Mammoth Energy Services (TUSK) opened 2026 with Q1 revenue of US$22.0 million and basic EPS of US$0.10, against a trailing twelve month picture that still shows a loss with EPS at US$1.18 and net income from ongoing operations at a loss of US$56.8 million. Over recent quarters the company has seen revenue move from US$15.6 million in Q1 2025 to US$22.0 million in Q1 2026, while quarterly EPS went from a loss of US$0.03 to a profit of US$0.10. This sets up a results season in which investors will be weighing whether improving quarterly profitability can offset still weak trailing margins.
See our full analysis for Mammoth Energy Services.With the headline numbers on the table, the next step is to see how this earnings profile lines up against the widely held narratives around Mammoth Energy Services's prospects and risks.
Curious how numbers become stories that shape markets? Explore Community Narratives
Investors who want to see how other market participants are interpreting this shift in quarterly profitability compared to the still loss making twelve month picture often turn to a broader set of community views, which is where 📊 Read the what the Community is saying about Mammoth Energy Services.
Don't just look at this quarter; the real story is in the long-term trend. We've done an in-depth analysis on Mammoth Energy Services's growth and its valuation to see if today's price is a bargain. Add the company to your watchlist or portfolio now so you don't miss the next big move.

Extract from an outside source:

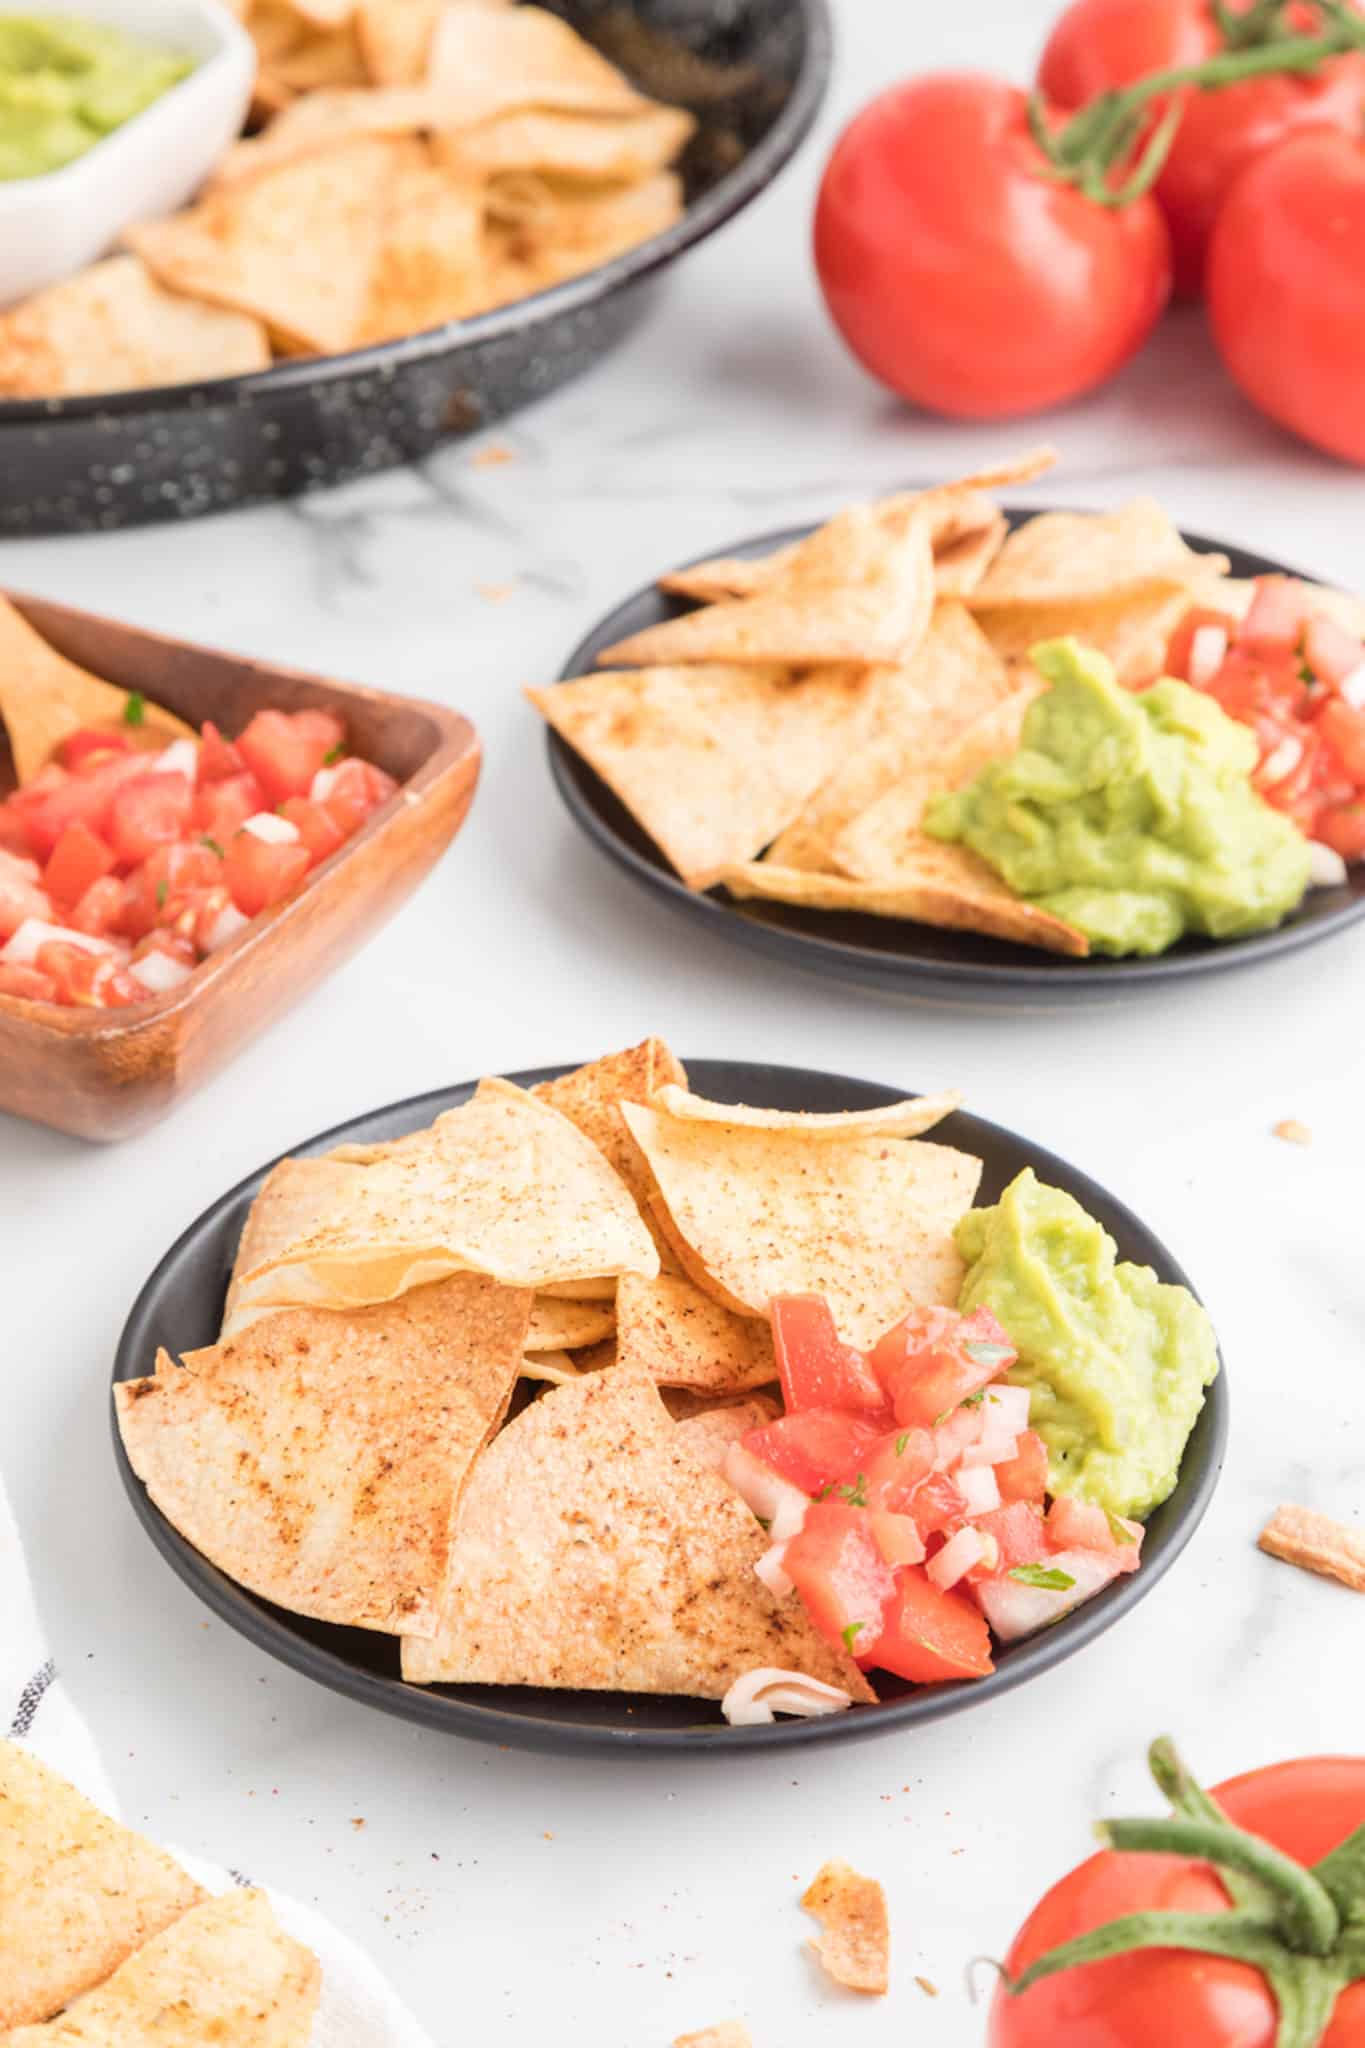 Two small black plates of fresh tortilla chips with salsa and guacamole.

If this combination of improving quarters and past losses seems difficult to evaluate, quickly review the data yourself and carefully test the bearish arguments against the specific 2 important warning signs.
Mammoth Energy Services carries a trailing twelve month loss from ongoing operations of US$56.8 million, five years of expanding losses, and a premium 2.6x P/S multiple.
If that mix of recurring losses and a richer valuation makes you cautious, compare it with companies in the 1 high quality undervalued stocks that pair stronger fundamentals with more appealing pricing right now.
This article by Simply Wall St is general in nature. We provide commentary based on historical data and analyst forecasts only using an unbiased methodology and our articles are not intended to be financial advice. It does not constitute a recommendation to buy or sell any stock, and does not take account of your objectives, or your financial situation. We aim to bring you long-term focused analysis driven by fundamental data. Note that our analysis may not factor in the latest price-sensitive company announcements or qualitative material. Simply Wall St has no position in any stocks mentioned.